Wednesday night, Australian time, will mark the beginning of the second and final day of arguments in the High Court hearing. Judges Victoria Sharp and Jeremy Johnson are reviewing an earlier ruling that refused Assange permission to appeal his extradition to the US.
When Assange’s lawyer Ed Fitzgerald introduced his arguments for why his client should be allowed to appeal, he began by saying Assange was being “prosecuted for political offences”.
“The prosecution is politically motivated. Mr Assange was exposing serious criminality.
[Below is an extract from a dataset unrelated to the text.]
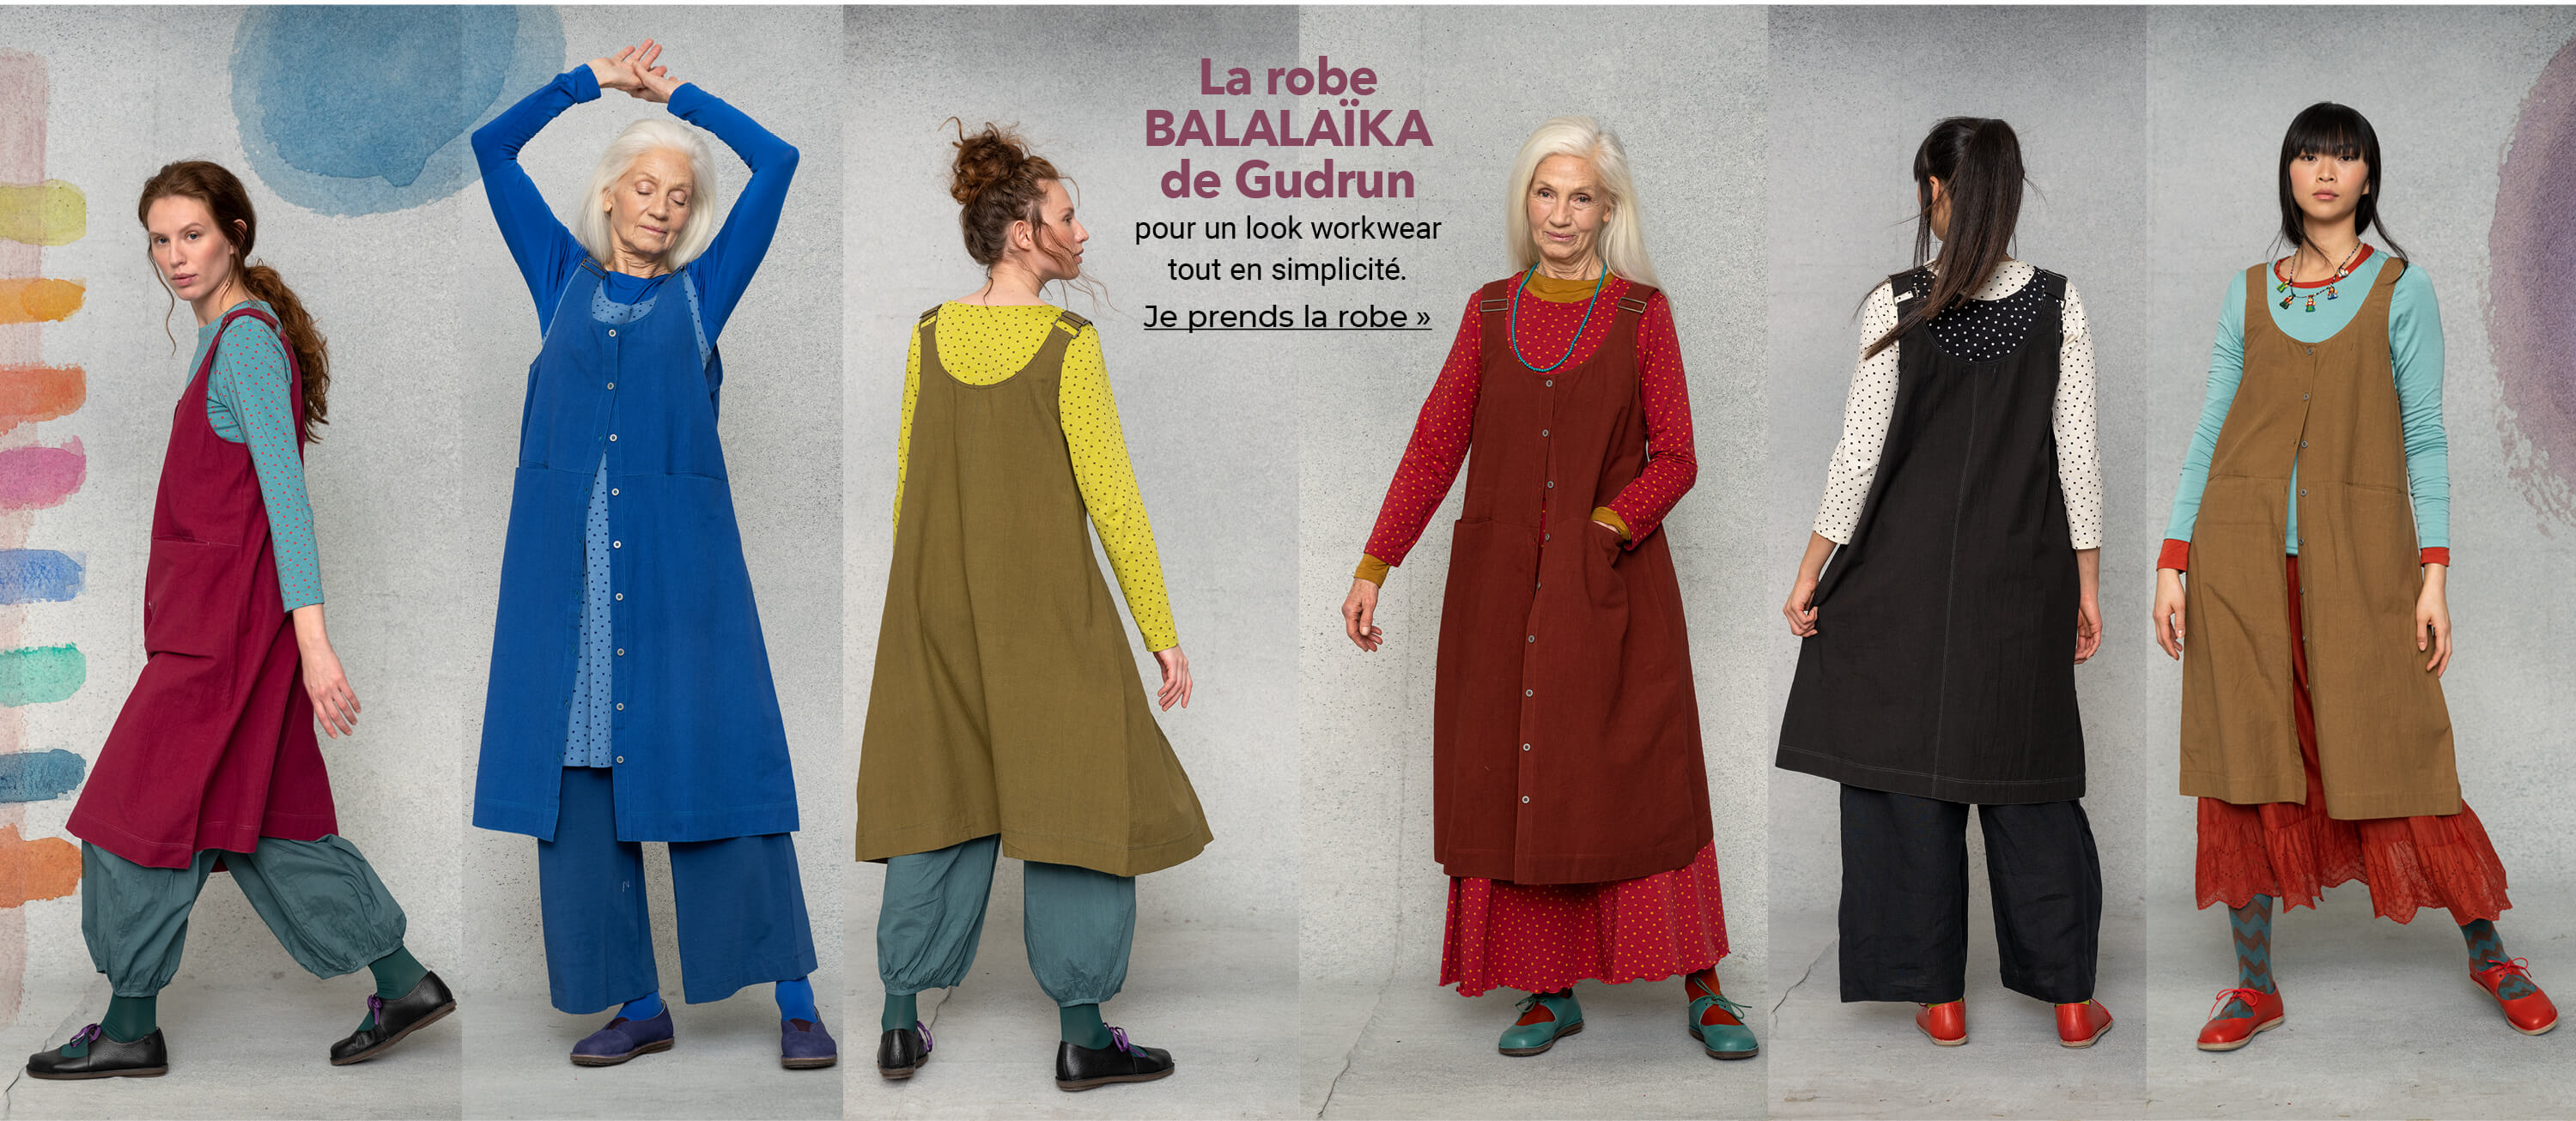 La robe balalaïka de Gudrun 
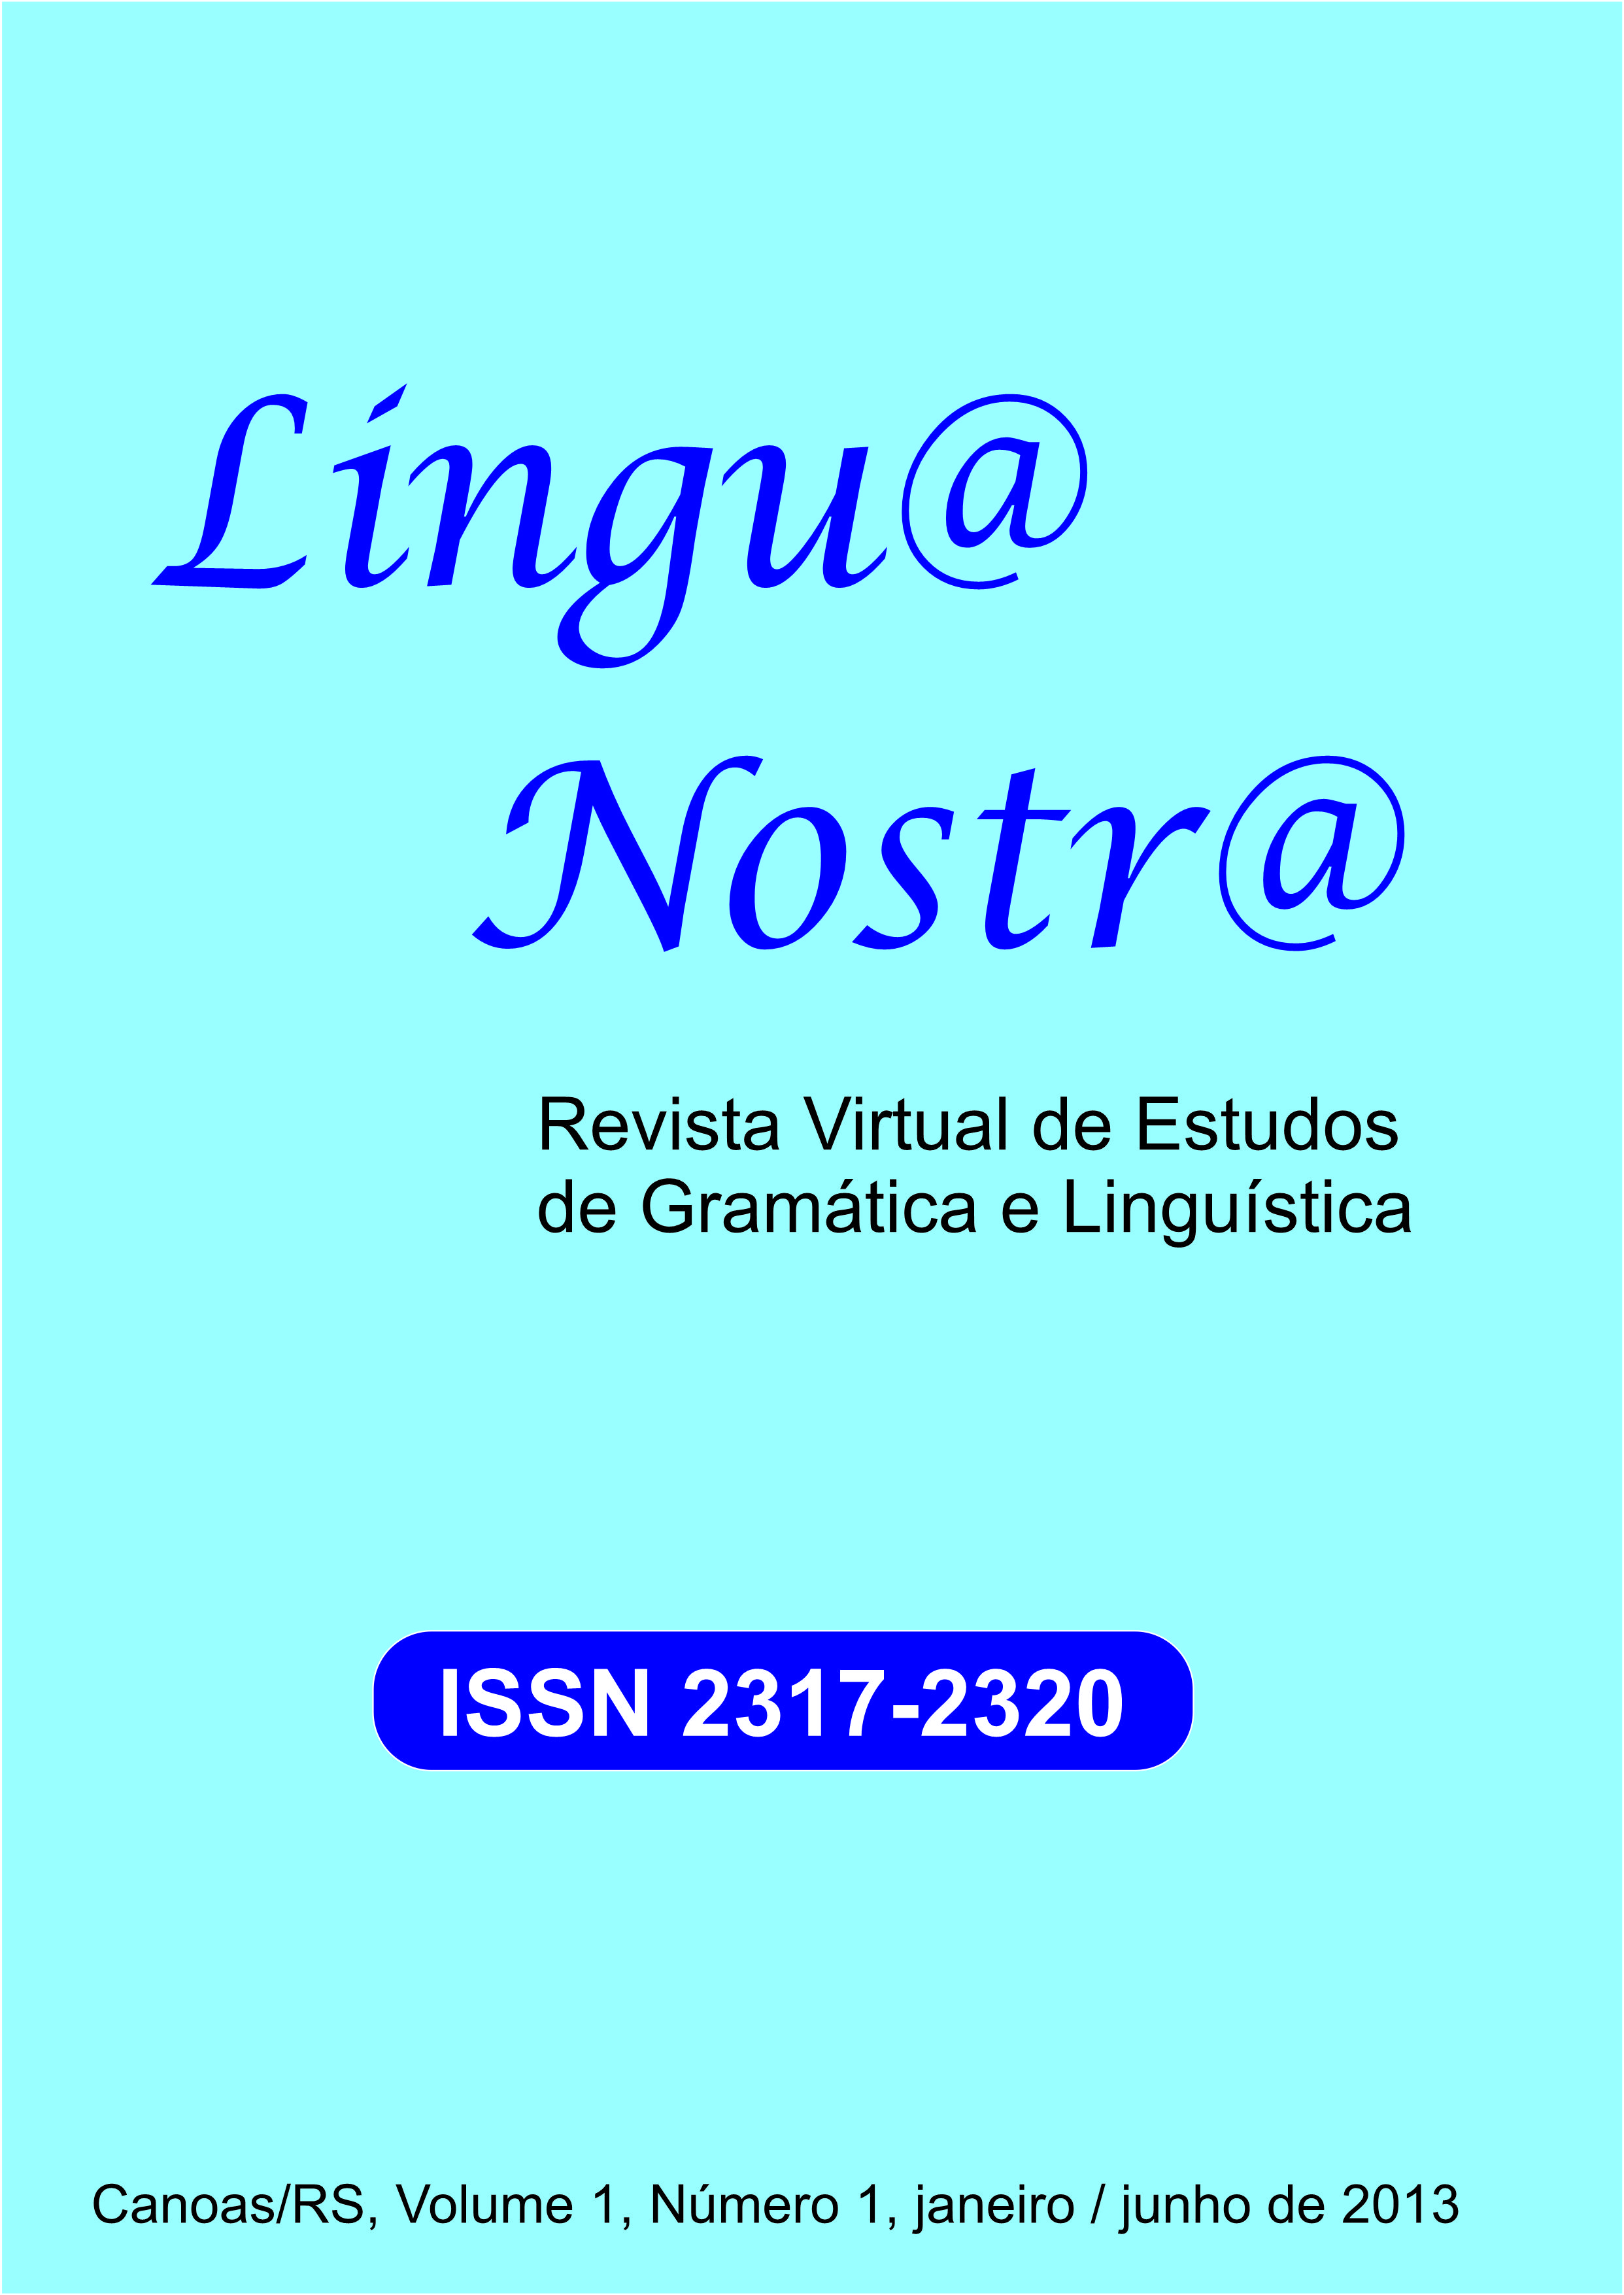 					Visualizar v. 1 n. 1 (2013): Primeira Edição da Revista Lingu@ Nostr@

He is being prosecuted for engaging in [the] ordinary journalistic practice of obtaining and publishing classified information, information that is both true and of obvious and important public interest,” Fitzgerald said according to the BBC.
As the BBC’s legal correspondent pointed out, however, the team does not need to convince the judges those claims are true, they only need to convince the court Assange’s case is worthy of re-examination.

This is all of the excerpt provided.